К подаче кофе вышла Агнесса с аккордеоном и призывно заиграла вальс. Гости вежливо ее послушали; никто из них вальсировать не стал, но они словно по подсказке запустили сквозь колонки-усилители лихую, сладкую музычку восьмидесятых и заплясали по поляне путаной толпой — довольно, впрочем, вяло, так как были тяжелы… После танцев, прежде чем спуститься с берега к воде и уединиться там для деловой беседы с послом одной из азиатских стран, ради которого и был затеян пир, Авель попросил меня пройтись по базе с теми из гостей, кто был на ней впервые, — все показать и рассказать. Таких было немало, но желающих составить мне компанию почти не оказалось — быть может, человек пять-шесть. С ними за мной увязались, — для того лишь, чтобы растрясти в себе обед, — некоторые из друзей Авеля, знающих базу как свою.
В начале нулевых — не выношу я эти нулевые; а как их обозвать иначе? — Авель забрал за долги очередной разорившийся завод. В довесок получил и базу отдыха завода, давно заброшенную, заставленную сгнившими фанерными бараками, заросшую репьем, обтянутую по периметру полуистлевшей сеткой рабицей с колючей проволокой поверху и запертую на замок.

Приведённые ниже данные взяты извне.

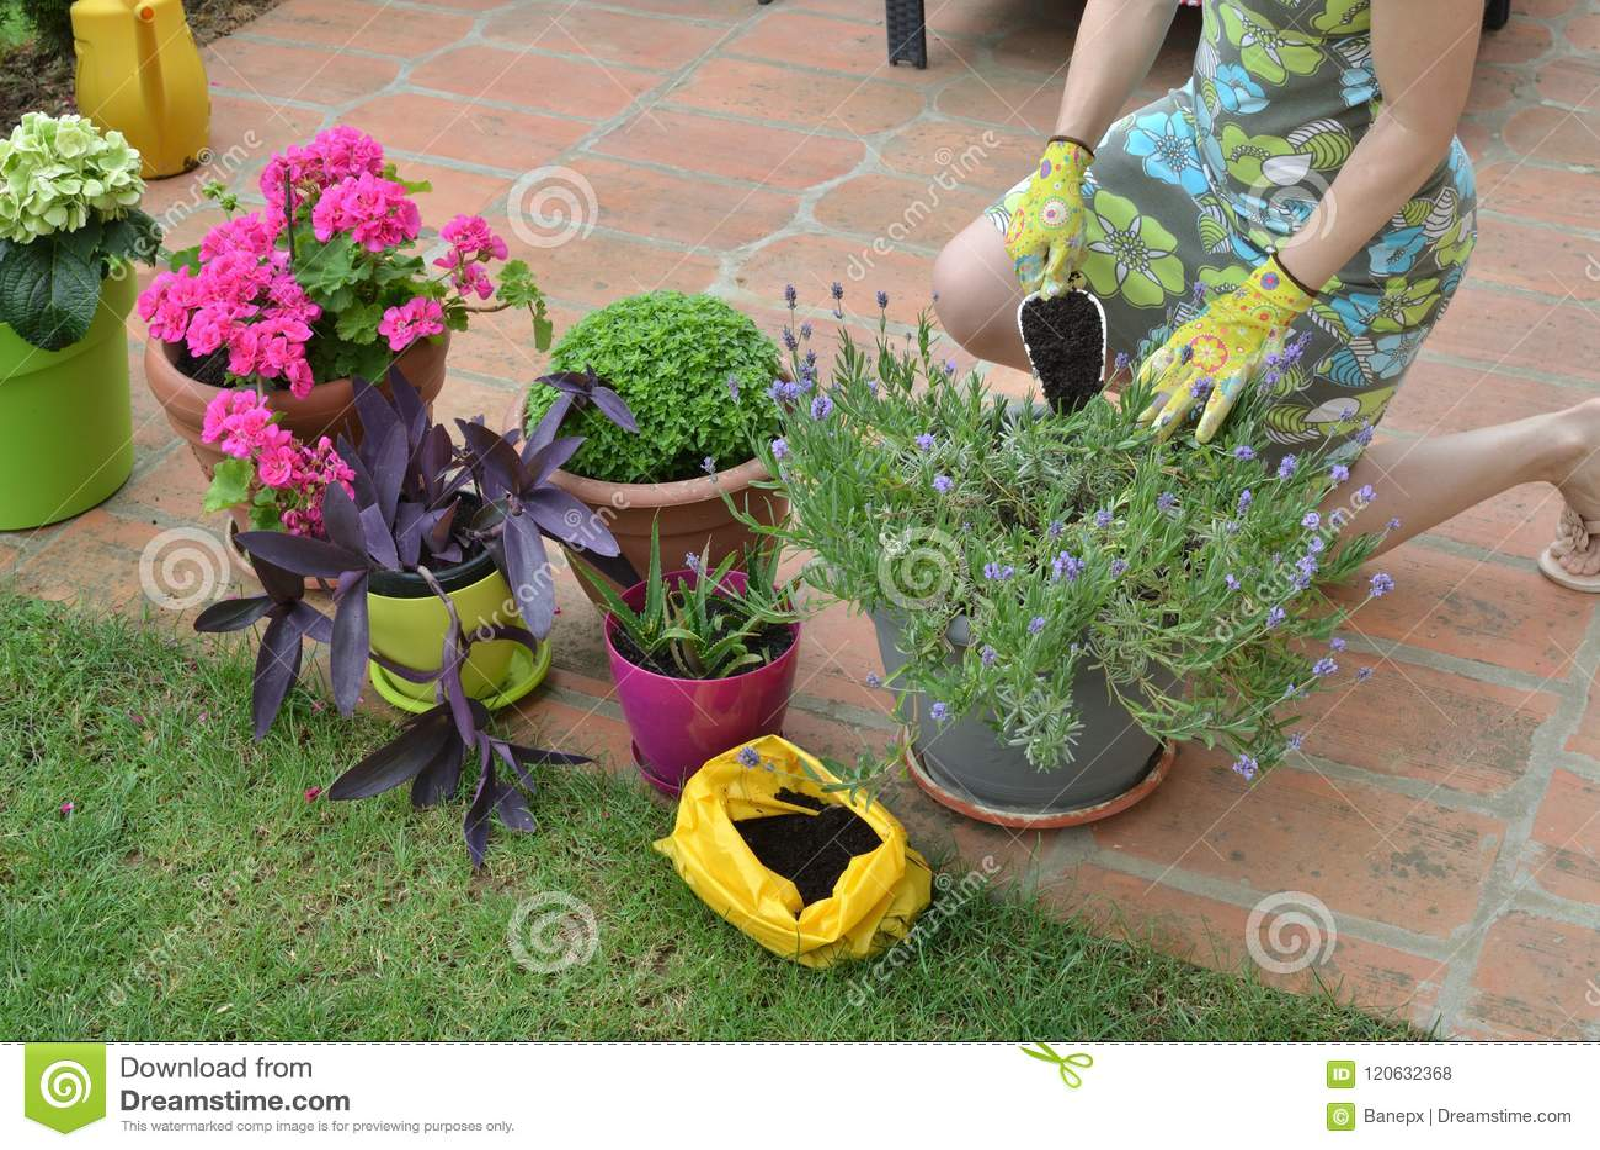 Woman working in a garden

Нельзя сказать, что база пустовала. Сетку и проволоку в нескольких местах прорвали безымянные эпикурейцы — они годами гудели в репейниках, блудили, гадили в бараках; помойное образовалось место. Авель его расчистил, прополол, отмыл и причесал; снес и спалил трухлявую фанеру; возвел на ее месте утепленные дома из бруса, кухню, баню, склад и гаражи. Он предполагал устроить клуб любителей водных видов спорта, но это до поры не вышло. Бизнес Авеля потряхивает, на сооружение ангаров и причалов пока недостает свободных средств. Коттеджи для яхтсменов, аквабайкеров, ныряльщиков, гребцов пока пустуют — однако же всегда неукоснительно готовые к приему гостей. Все реже раздаются голоса в большом гостевом доме, построенном нарочно для старых друзей. Кого поубивало время, кого попрятало по разным странам, спасая от отчаяния, пространство; те, что все еще жили в Киеве и, кстати, получили на заводах Авеля приличную работу, — они все были здесь, на пиру. Но вряд ли кто из них готов остаться на ночлег в большом гостевом доме — их всех ждут семьи, в которых базу отчего-то принято считать гнездом разгула.

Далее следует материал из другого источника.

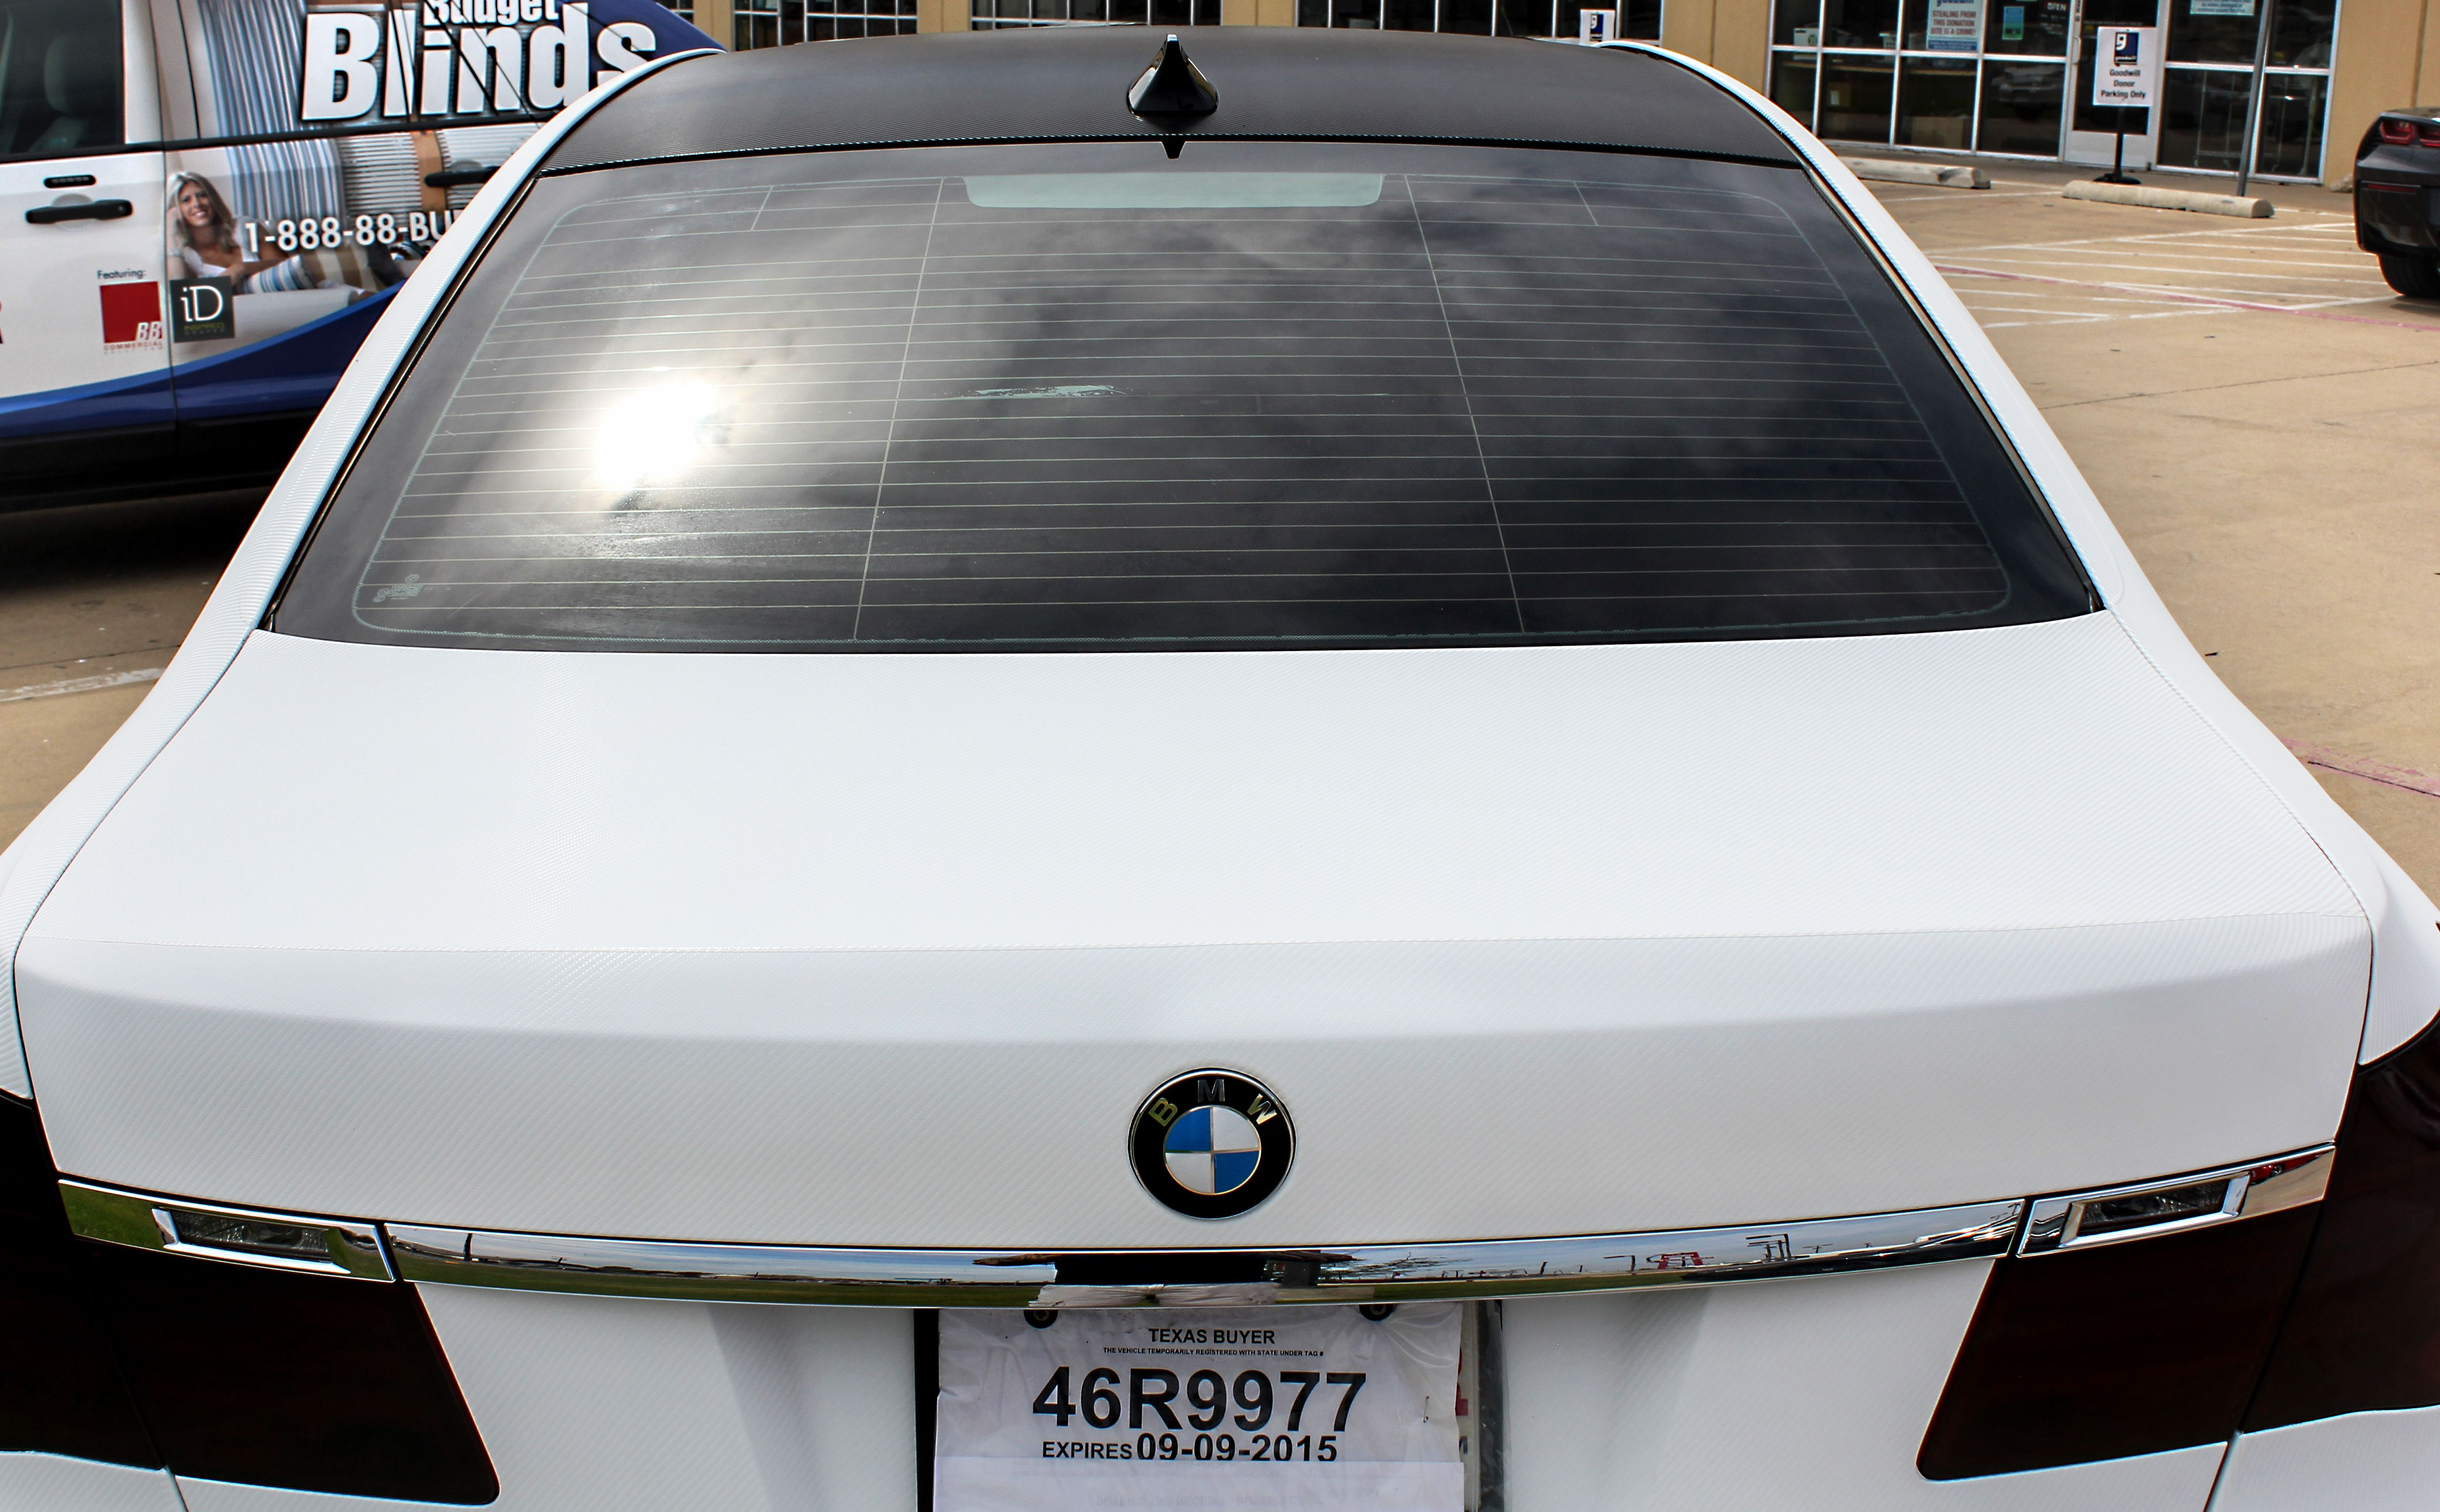 Full Carbon Fiber Wrap White and Black   Carbon Fiber Wraps

Близятся сумерки, и Марк Пунько, один из них, старинных, еще университетских друзей Авеля, берет меня за локоть и говорит мне доверительно, с мечтательной печалью:
— Если бы я не привел его, студента, к нам домой, здесь до сих пор бы рос бурьян. Мой папа был декан, доктор наук и член-корреспондент, великий человек, и у него были идеи. Он их при Авеле, обычном деревенском недотепе, любил излагать и развивать вслух, абсолютно бескорыстно, из одной лишь любви к науке. Потому что Авель умел слушать… И я умел, но я не слушал, только ушами хлопал, хлопал, все прохлопал. Я был юным раздолбаем — Авель был другой. Он слушал и запоминал, слушал и запоминал, пока папа не помер… Ты спросишь, что же дальше? Пожалуйста!.. Идеи стали деньгами. Где был бурьян, теперь банкет… То есть я что хотел сказать, чтобы ты верно понял: все у нас вышло к лучшему. Я сильно рад за Авеля; мой папа был бы им доволен. Я даже больше тебе скажу, но ты ему не говори: Авель — наша надежда. Не одного меня — всех нас…

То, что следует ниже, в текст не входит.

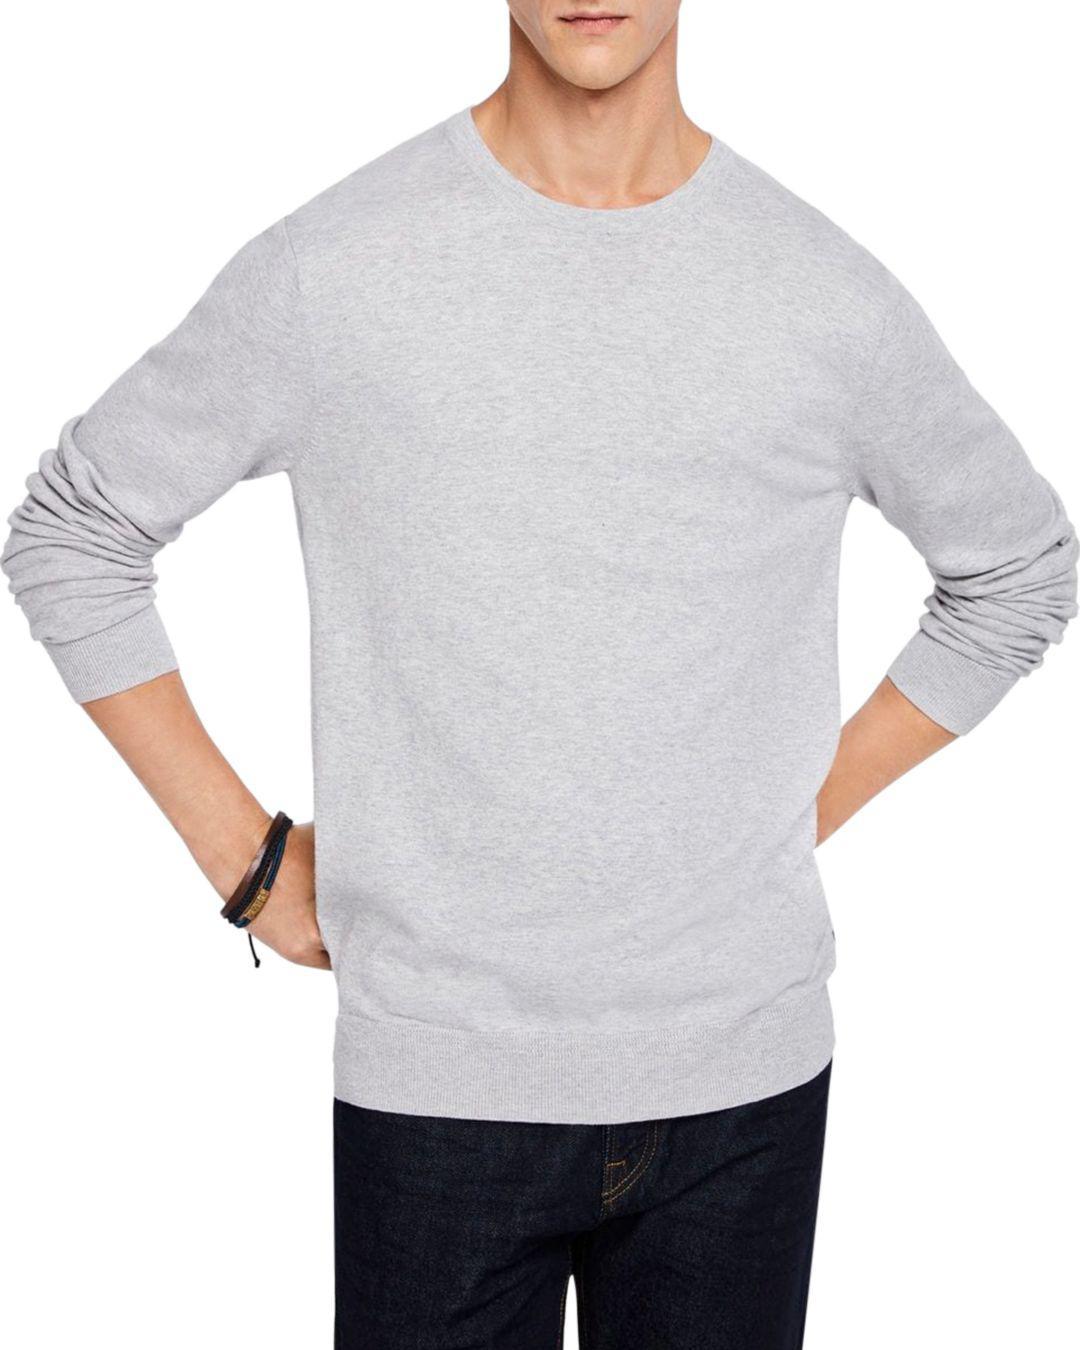 c0d1aca70 Lyst - Scotch & Soda Crewneck Sweater in Gray for Men

Пунько пожимает мне локоть и упархивает за куст помочиться… Все, что я услышал от него, я слышу в пятый раз — именно столько раз мы с Пунько встречались… Почти все те, кого я только что прогуливал и развлекал, отстали, разбрелись. Оглядываясь, я вижу в тени сосен огоньки их сигарет. И слышу возле уха ласковый низкий голос:
— Ты лучше расскажи, где научился так готовить.
Я узнаю кошачью хрипотцу Матвея Клизмеца, старшего менеджера фирмы Авеля и его старинного друга:
— Твоя солянка, я скажу, за гранью реальности. Не солянка, а основа снов.
— Селянка, — поправляю я.
— Пусть, — соглашается Клизмец. — Ну а шашлык из той же осетрины? Это же вызов всем мангалам мира!
Я смущен. Я знаю, что последует за похвалой, но искренне за нее благодарю.
— Не мне — тебе спасибо! — отмахивается Клизмец. — Я даже думал спросить у тебя рецептик, но не спрошу — я же не стану никогда брать осетрину… Ну разве семгу иногда. Это недешево, но иногда — чего бы и не взять? Чего себя и не побаловать? Но осетрина…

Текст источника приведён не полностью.